A community health centre spent $9,000 on a fact-finding trip to Europe to study the impact of safe injection sites.

Two volunteer board members and one staffer from the Somerset West Community Health Centre (SWCHC) made the trip this winter despite previous statements from Mayor Jim Watson and Police Chief Charles Bordeleau that injection sites wouldn't be welcome in the city.

The trio visited Amsterdam, Rotterdam, Utrecht, and Frankfurt at a cost of $3,000 each, which the centre's executive director Jack McCarthy was paid for by a reserve fund for special projects, and not with taxpayer dollars.

The Somerset receives more than 60% of its funding from the Local Health Integration Network (LHIN) as well as a portion from the City of Ottawa, according to the organization's 2011-2012 annual report. The centre provides primary health care and community-based services in Centretown.

“I think our intent is to educate people,” McCarthy told the Sun Thursday. “Facts drives discussion.”

McCarthy said the cash used to pay for the trip was held in a reserve built through donations and leftover cash “not recoverable (by) a funder.”

The fund is used for some charitable functions like Christmas lunches and for emergency repairs.

“No money came from the LHIN or from the city or from any of our major funders,” McCarthy said.

McCarthy said the area of Europe was chosen because of the large number of safe injection sites. With 37 locations in the Netherlands alone, the SWCHC saw a better opportunity for research compared to areas like Vancouver.

“If 37 communities in the Netherlands can do it ... supported by police and local health officials and local politicians, then I think it's something we've got to think about,” he said.

McCarthy understands some of the opposition.

“It's often counterintuitive to people's thinking,” he said.

“Community reaction initially to these kinds of things is often not positive and people have a lot of concerns.”
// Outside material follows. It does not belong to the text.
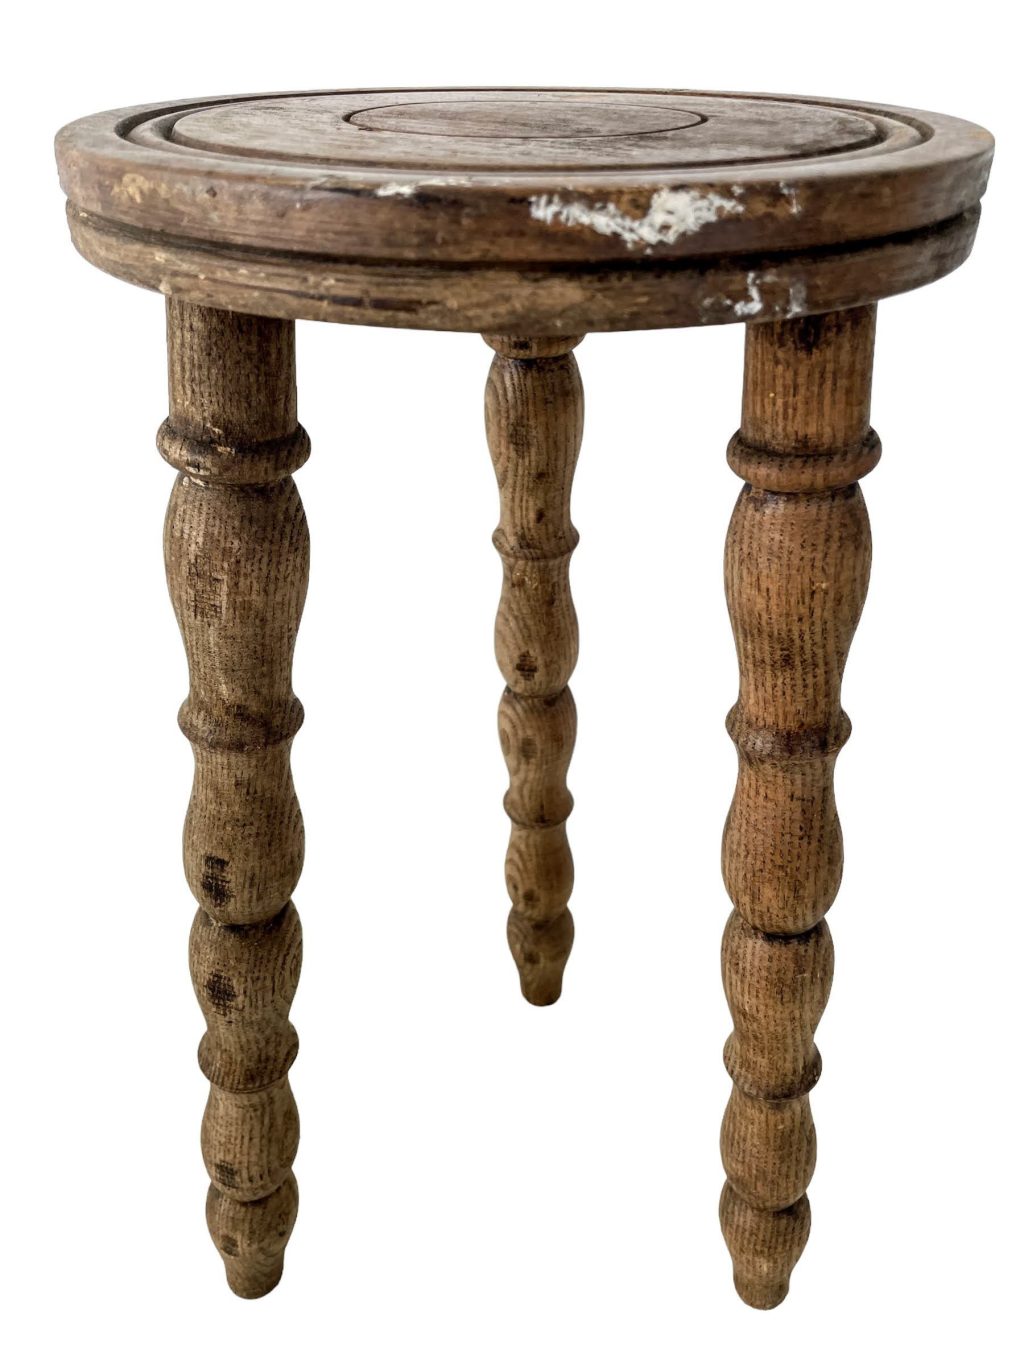 Stool Vintage French Traditional Worn Weathered Milking Stool Small Chair Stand Bobbin Leg Plinth Seating Plant Tabouret c1960-70’s / EVE

Ottawa Public Health said the issue of safe injection sites is “complex.”

“Ottawa Public Health has no plans to open a supervised injection site in Ottawa,” said associate Medical Office of Health Dr. Vera Etches.

Etches said the Ontario HIV/AIDS Treatment Network plans to strike a working group to discuss the recomendations of installing the injection sites in Ottawa and Toronto.

Otherwise, any guidance Public Health seeks on the issue will come from the provincial and federal governments.